Point your agent at it — **the only change**:

```sh
export OPENAI_BASE_URL=http://opengradient.inference:11434/v1   # or http://127.0.0.1:11434/v1
export OPENAI_API_KEY=og-local   # ignored; your Chat session authenticates
```

> Re-run the wizard anytime with `og-local setup`. For the clean
> `http://opengradient.inference/v1` (no port), serve on port 80:
> `og-local serve --port 80` (needs elevated privileges).

```python
from openai import OpenAI

client = OpenAI()  # picks up OPENAI_BASE_URL / OPENAI_API_KEY
resp = client.chat.completions.create(
    model="claude-sonnet-4-6",
    messages=[{"role": "user", "content": "Explain TEE attestation in one line."}],
)
print(resp.choices[0].message.content)
# Every response is verified before it reaches you. See the headers:
#   X-OpenGradient-Verified: true
#   X-OpenGradient-TEE-Id:  0x...
# and the `opengradient_verification` block on the JSON body.
```

Streaming works too (`stream=True`); the response is fully verified before the
first token is replayed to your agent — no unverified token ever leaves the
machine.

## Commands

| Command | Description |
|---------|-------------|
| `og-local` | **The one command** — first-run setup wizard if needed, then serve. |
| `og-local setup [-y]` | Re-run the setup wizard (login + friendly-URL choice). |
| `og-local serve [--port] [--tee-id] [--expected-pcr] ...` | Serve (runs setup on first use; auto-logs-in if no session). |
| `og-local login [--app-url URL] [--manual]` | Authorize / re-authorize this device (default `https://chat.opengradient.ai`). |
| `og-local status` | Show login + resolved network config. |
| `og-local logout` | Remove the saved session. |

## Staying signed in

The Chat session is managed for you over the long run:

- **Auto-refresh.** The short-lived access token is refreshed automatically (a
  minute before it expires) using the stored refresh token — you don't restart
  anything.
- **Signed out upstream?** If you sign out in the Chat app (or the session is
  revoked), the next request fails with a clear message telling you to run
  **`og-local login`** to re-authorize. Re-login overwrites the saved session in
  place; nothing else changes.
- **A gateway goes offline?** If the selected TEE becomes unreachable, the proxy
  transparently reselects another active gateway from the on-chain registry and
  retries once, so a single dead node doesn't take you down.

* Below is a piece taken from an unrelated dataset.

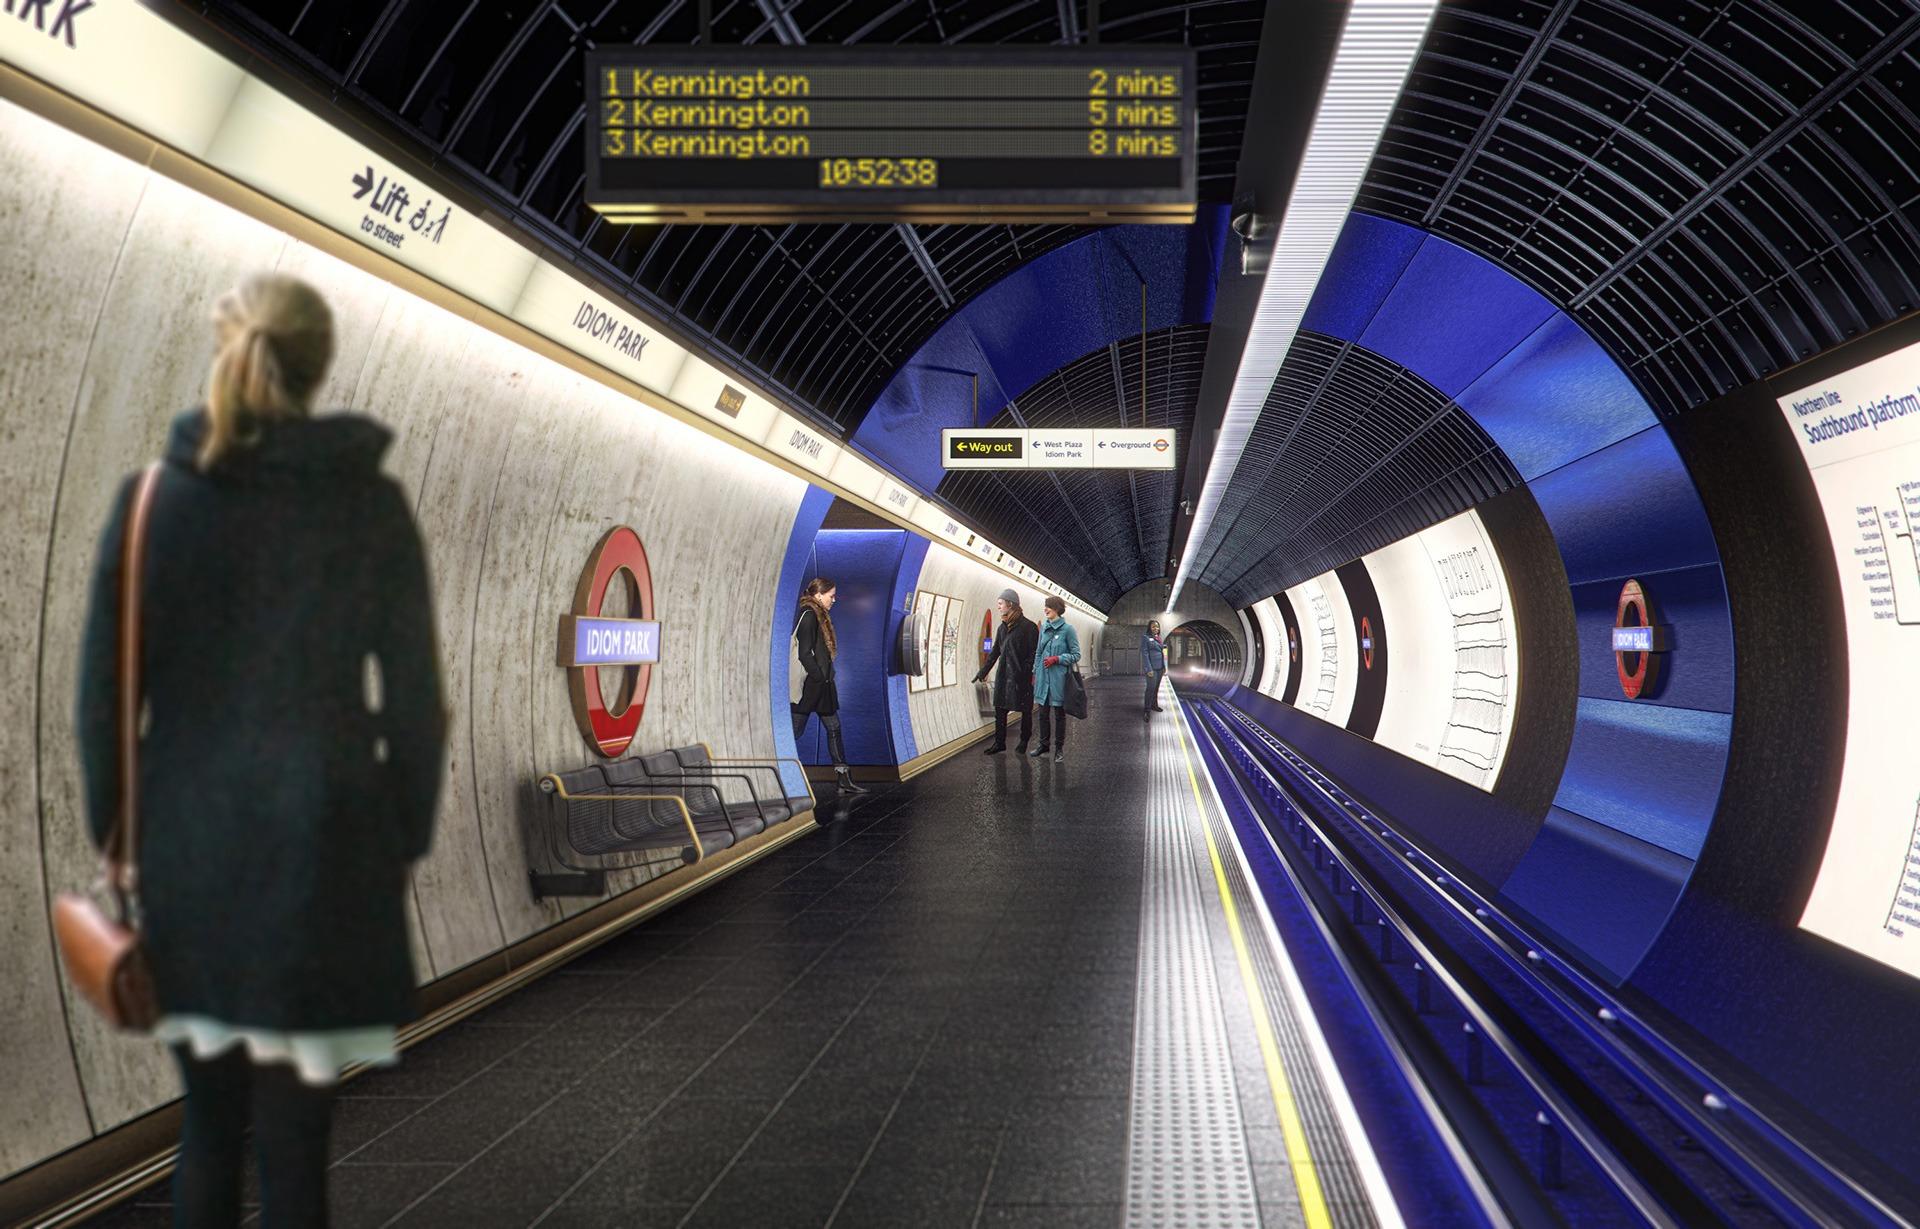 stas3dart-london-underground-ava-architecture-studio-egret-west-promotional-image-modelling-gallery3

## Install from source (development)

```sh
git clone https://github.com/OpenGradient/local && cd local
uv sync --all-groups
uv run og-local --help
```

## Configuration

Login stores a session (and the network config it needs) in
`~/.opengradient/local/session.json` (override the directory with
`OG_LOCAL_HOME`). Server knobs:

| Env var | Flag | Default | Purpose |
|---------|------|---------|---------|
| `OG_LOCAL_HOST` | `--host` | `127.0.0.1` | Bind host. |
| `OG_LOCAL_PORT` | `--port` | `11434` | Bind port. |
| `OG_LOCAL_TEE_ID` | `--tee-id` | — | Pin a specific registry TEE. |
| `OG_LOCAL_EXPECTED_PCR_HASH` | `--expected-pcr` | — | Refuse any TEE whose on-chain `pcrHash` differs. |
| `OG_LOCAL_HOSTNAME` | — | `opengradient.inference` | Friendly local hostname advertised to agents. |
| `OG_LOCAL_APP_URL` | `--app-url` (login) | `https://chat.opengradient.ai` | Chat app origin for login. |

## Scope & limitations (MVP)

- **OpenAI-compatible only.** `/v1/chat/completions` and `/v1/models`. An
  Anthropic `/v1/messages` translation layer is a planned follow-up.
- **Verify-before-emit streaming.** Streaming buffers and verifies the full
  response before replaying it, trading first-token latency for the "no
  unverified token leaves the machine" guarantee.
- **Payment via Chat credentials.** The relay pays x402 server-side against your
  Chat account. A wallet/x402 path (the SDK's `og.LLM`) is the alternative for
  fully self-custodial setups.

## Development

```sh
uv sync --group test
uv run pytest          # server-layer tests
uv run ruff check .
```

The protocol-level crypto (OHTTP, signature verification, request
canonicalization) is tested in the SDK repo against the real tee-gateway
recipient code, guaranteeing wire compatibility.